> [Exercise]
From the entries below, write out exactly the lines between the line holding "Bảng Phấn Mắt" and the line holding "A Learning Experience", inclusive, excluding any pictures.

> [Information given]
****************

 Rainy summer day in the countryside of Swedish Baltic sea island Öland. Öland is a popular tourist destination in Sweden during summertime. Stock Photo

****************

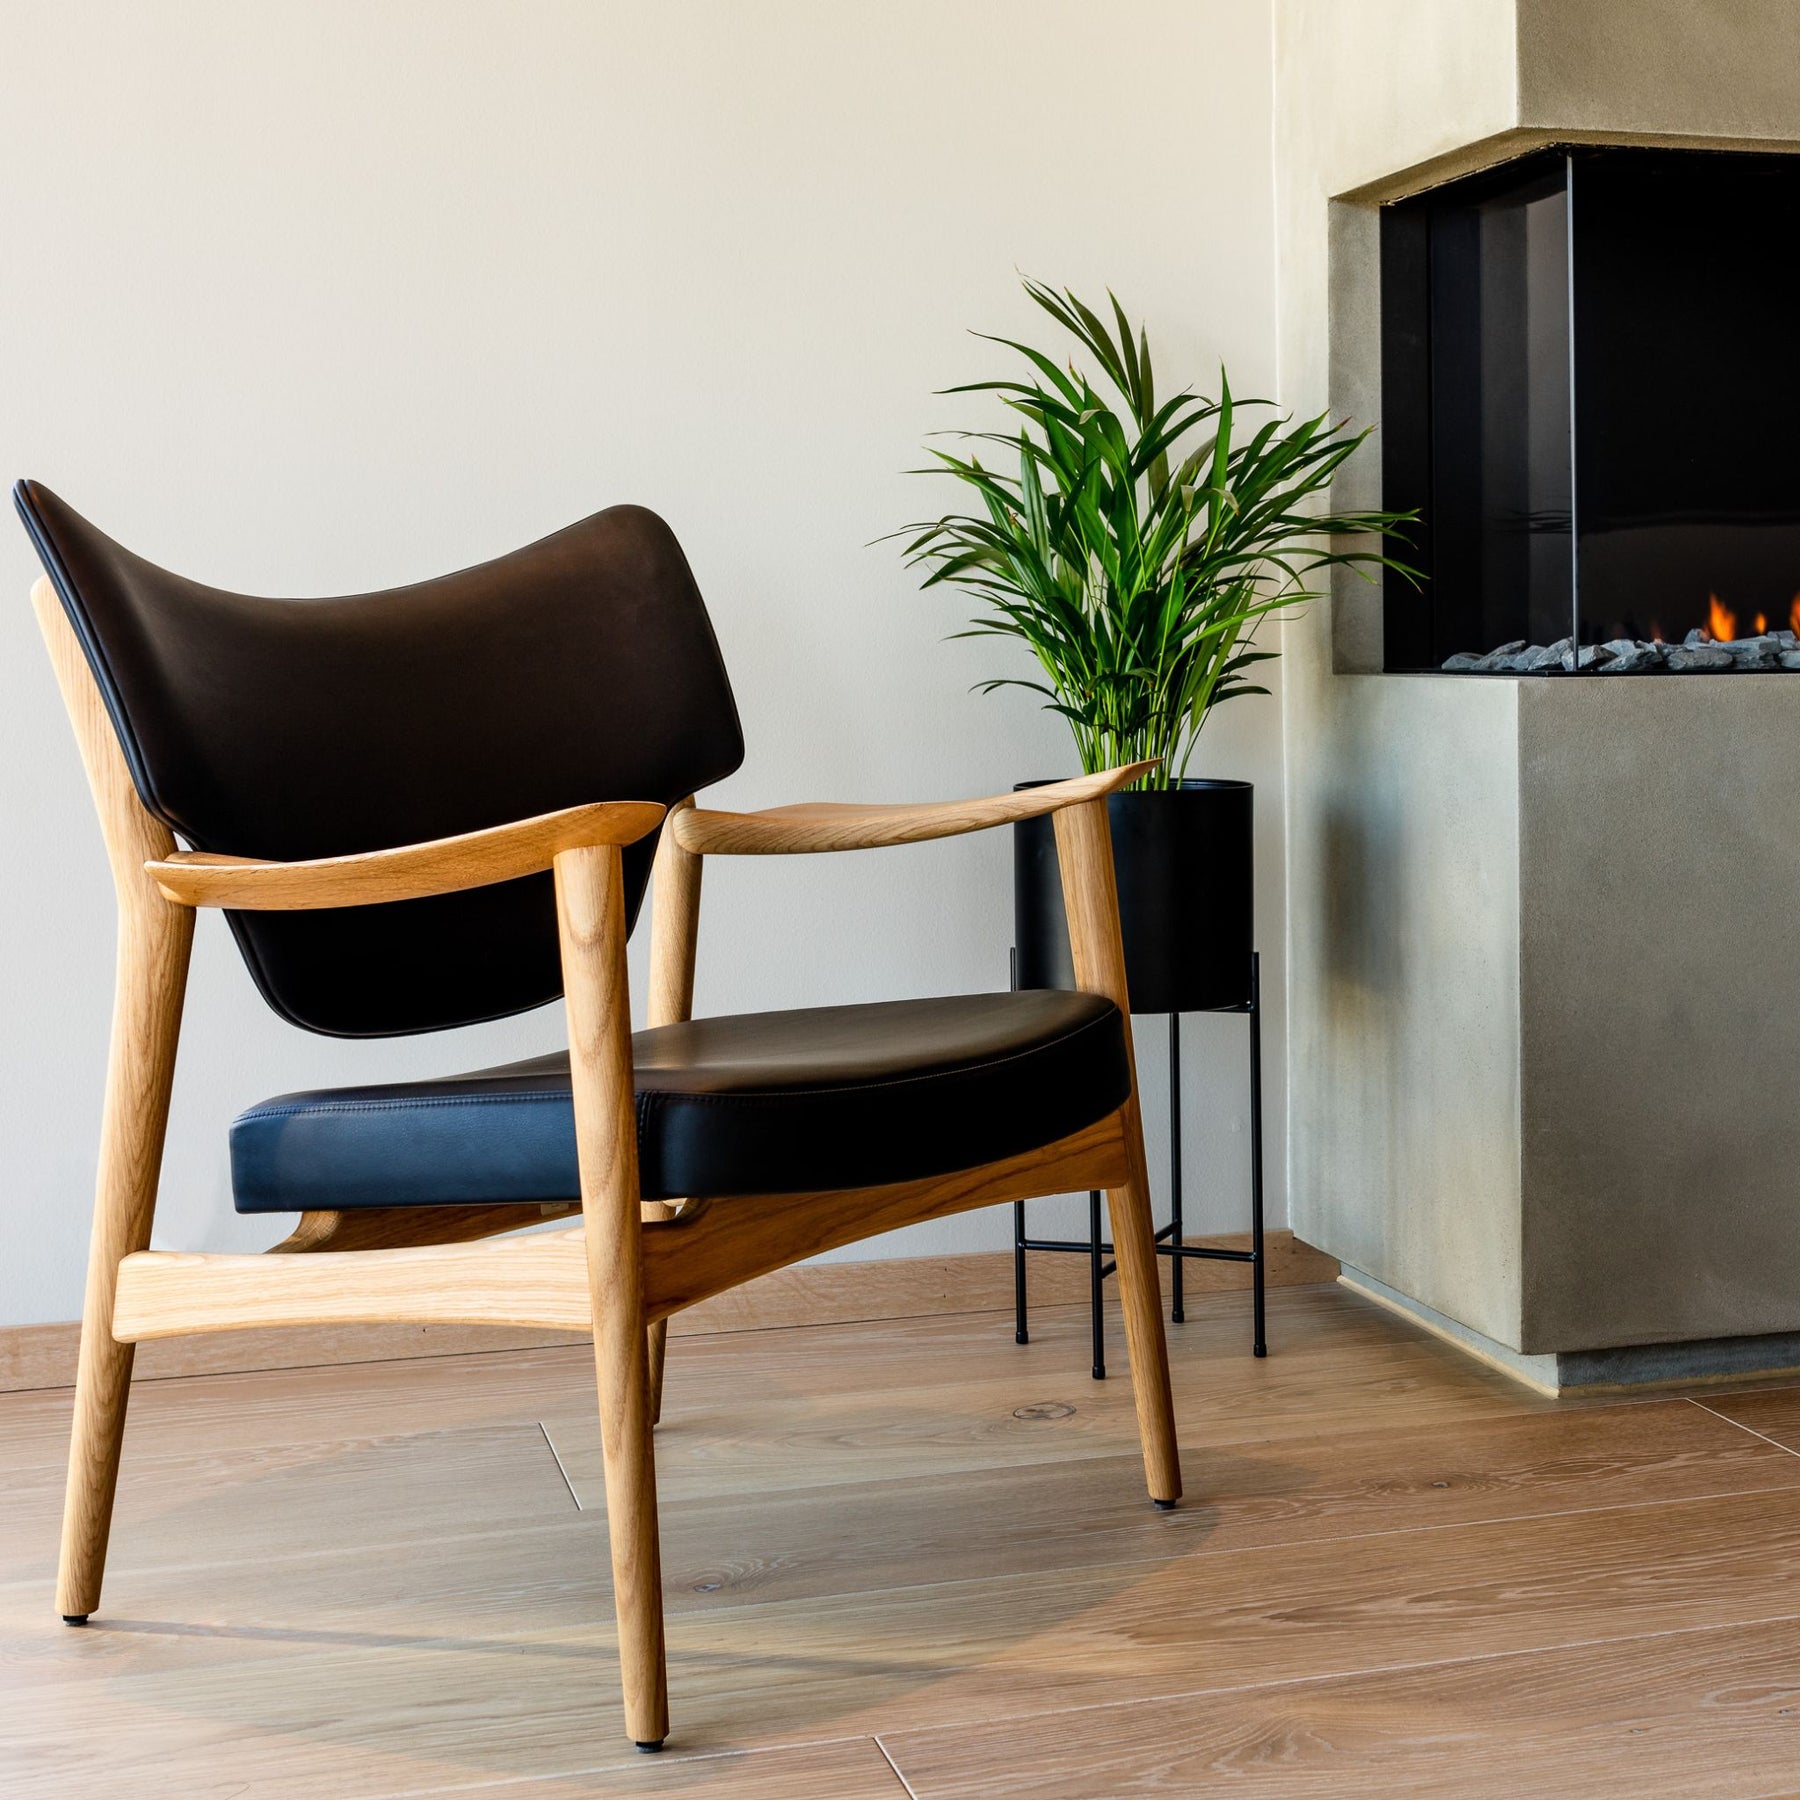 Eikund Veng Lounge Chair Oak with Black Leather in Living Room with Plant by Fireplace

****************

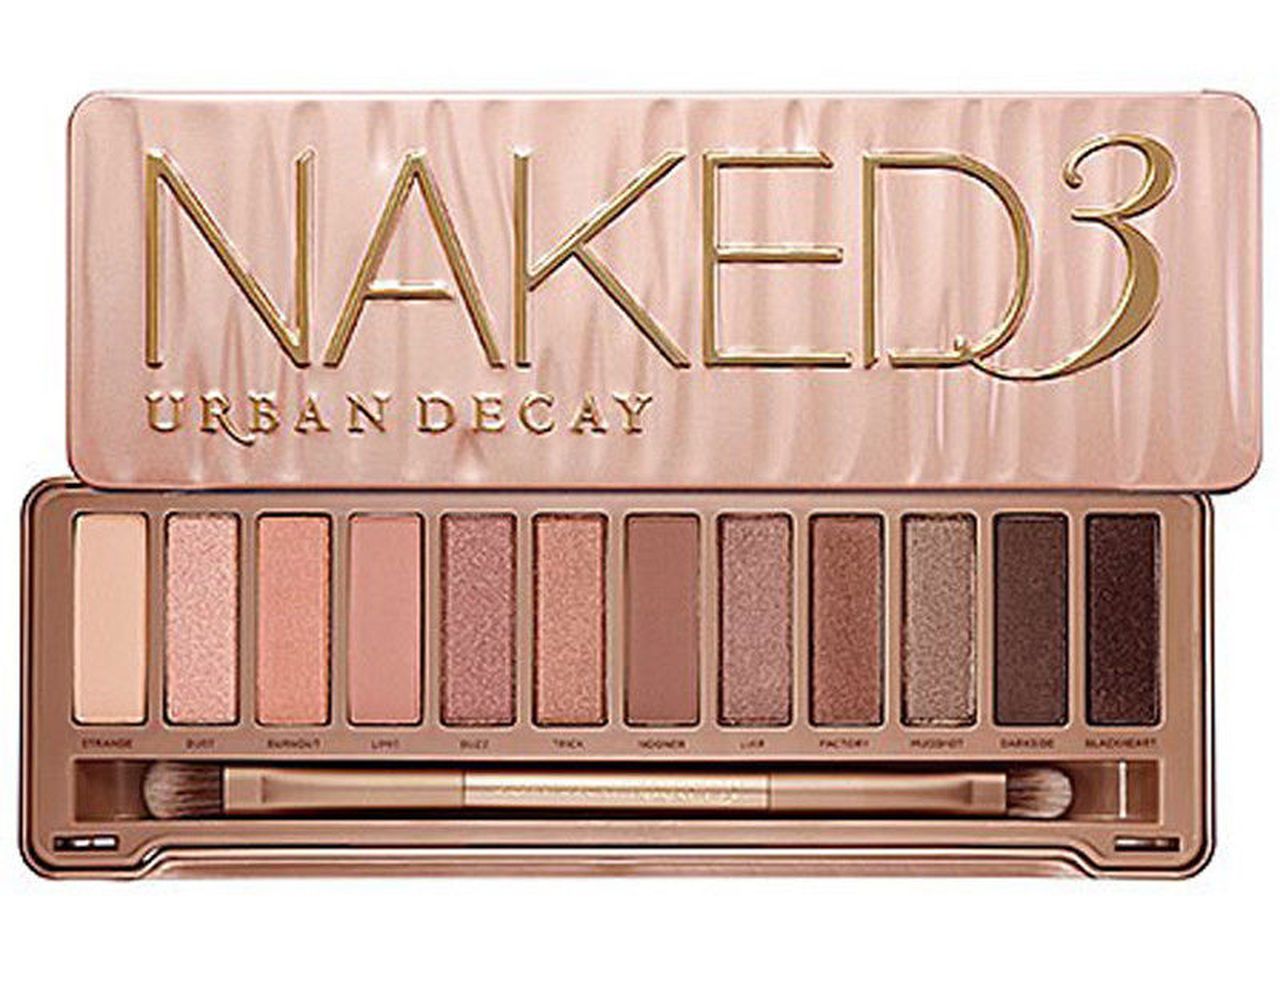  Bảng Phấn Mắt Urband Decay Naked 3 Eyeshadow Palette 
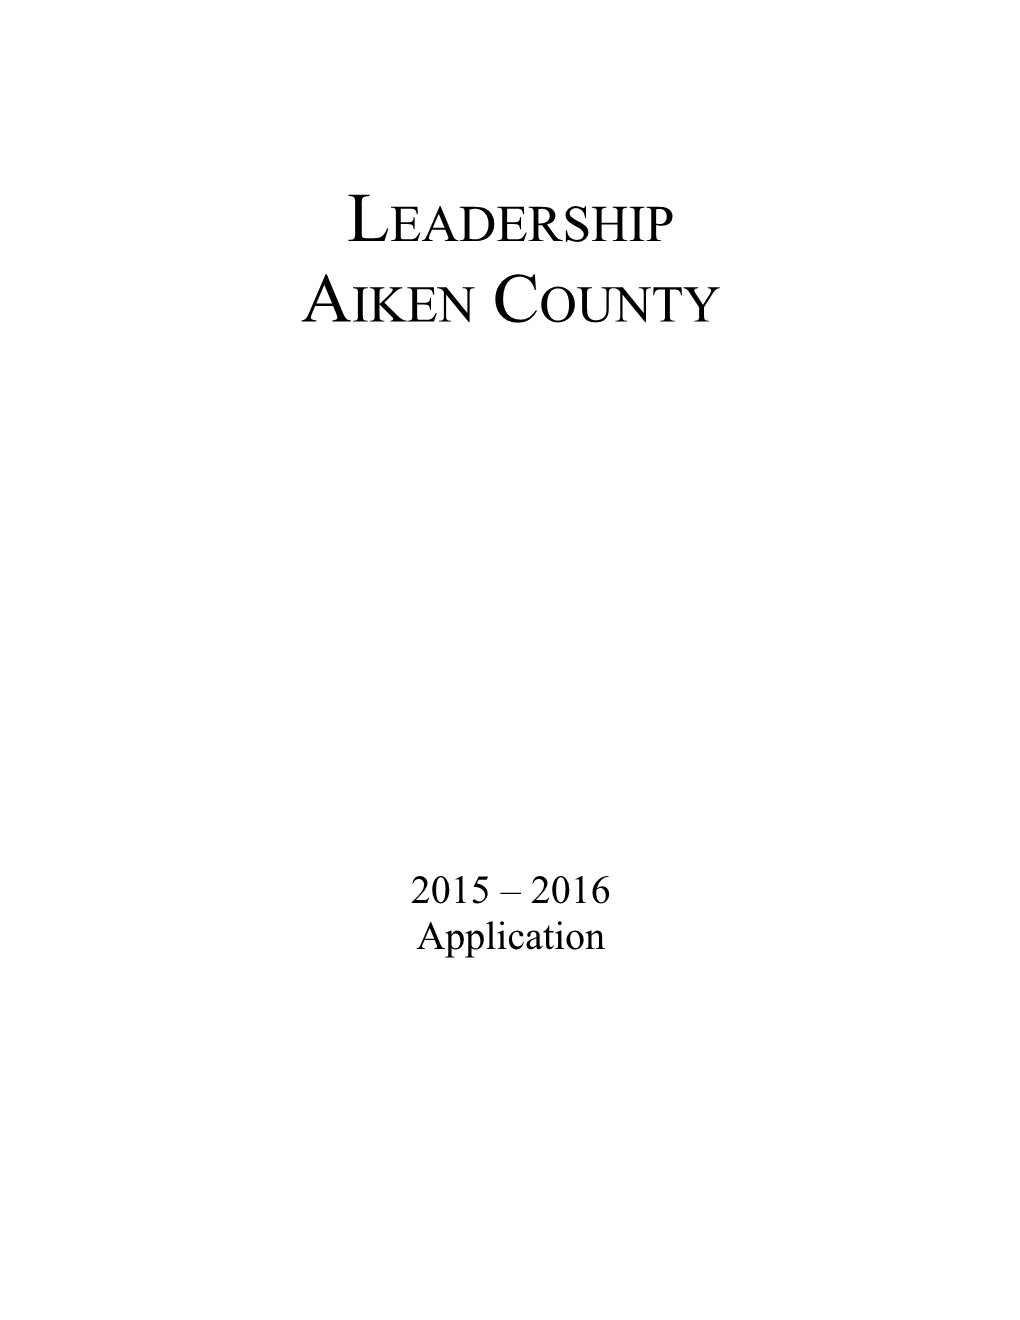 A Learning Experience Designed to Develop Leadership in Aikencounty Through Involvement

****************

> [Answer box]
  Bảng Phấn Mắt Urband Decay Naked 3 Eyeshadow Palette 
 A Learning Experience Designed to Develop Leadership in Aikencounty Through Involvement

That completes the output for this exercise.